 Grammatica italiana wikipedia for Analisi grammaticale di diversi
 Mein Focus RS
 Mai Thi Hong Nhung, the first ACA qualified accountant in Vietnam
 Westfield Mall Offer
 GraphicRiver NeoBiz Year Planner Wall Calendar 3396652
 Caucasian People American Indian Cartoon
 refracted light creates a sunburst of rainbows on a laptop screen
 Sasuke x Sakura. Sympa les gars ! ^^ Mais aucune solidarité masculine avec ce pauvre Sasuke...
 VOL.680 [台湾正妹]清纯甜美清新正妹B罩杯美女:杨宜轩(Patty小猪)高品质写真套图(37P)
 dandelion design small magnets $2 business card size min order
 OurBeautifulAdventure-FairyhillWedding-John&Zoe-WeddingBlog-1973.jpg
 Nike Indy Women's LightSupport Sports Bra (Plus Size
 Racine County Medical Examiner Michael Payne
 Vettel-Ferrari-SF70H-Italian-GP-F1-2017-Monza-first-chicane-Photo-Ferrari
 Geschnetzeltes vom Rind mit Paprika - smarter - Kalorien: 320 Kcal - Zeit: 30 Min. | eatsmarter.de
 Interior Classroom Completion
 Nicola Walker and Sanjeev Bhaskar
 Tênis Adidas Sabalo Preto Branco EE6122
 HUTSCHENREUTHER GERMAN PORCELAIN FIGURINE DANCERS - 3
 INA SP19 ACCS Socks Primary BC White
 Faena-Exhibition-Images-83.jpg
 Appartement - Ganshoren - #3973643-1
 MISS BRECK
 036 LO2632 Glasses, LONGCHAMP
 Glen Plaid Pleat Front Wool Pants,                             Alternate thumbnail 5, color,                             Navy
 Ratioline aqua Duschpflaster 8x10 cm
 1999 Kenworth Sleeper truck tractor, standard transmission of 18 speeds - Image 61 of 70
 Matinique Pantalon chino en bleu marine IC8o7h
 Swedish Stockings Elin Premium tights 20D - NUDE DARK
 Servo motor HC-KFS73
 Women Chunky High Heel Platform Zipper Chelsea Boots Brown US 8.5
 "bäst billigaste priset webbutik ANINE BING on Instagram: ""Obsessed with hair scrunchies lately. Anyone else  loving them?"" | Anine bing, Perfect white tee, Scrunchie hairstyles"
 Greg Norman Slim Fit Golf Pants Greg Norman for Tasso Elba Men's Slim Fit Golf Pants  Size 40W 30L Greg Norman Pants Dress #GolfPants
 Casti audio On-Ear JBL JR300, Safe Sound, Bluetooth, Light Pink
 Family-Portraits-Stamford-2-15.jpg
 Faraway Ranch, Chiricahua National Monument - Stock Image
• • •
** Task to carry out **
Across the data, count every line where the string "Pants" turns up, then write only that count.

** Result of the task **
2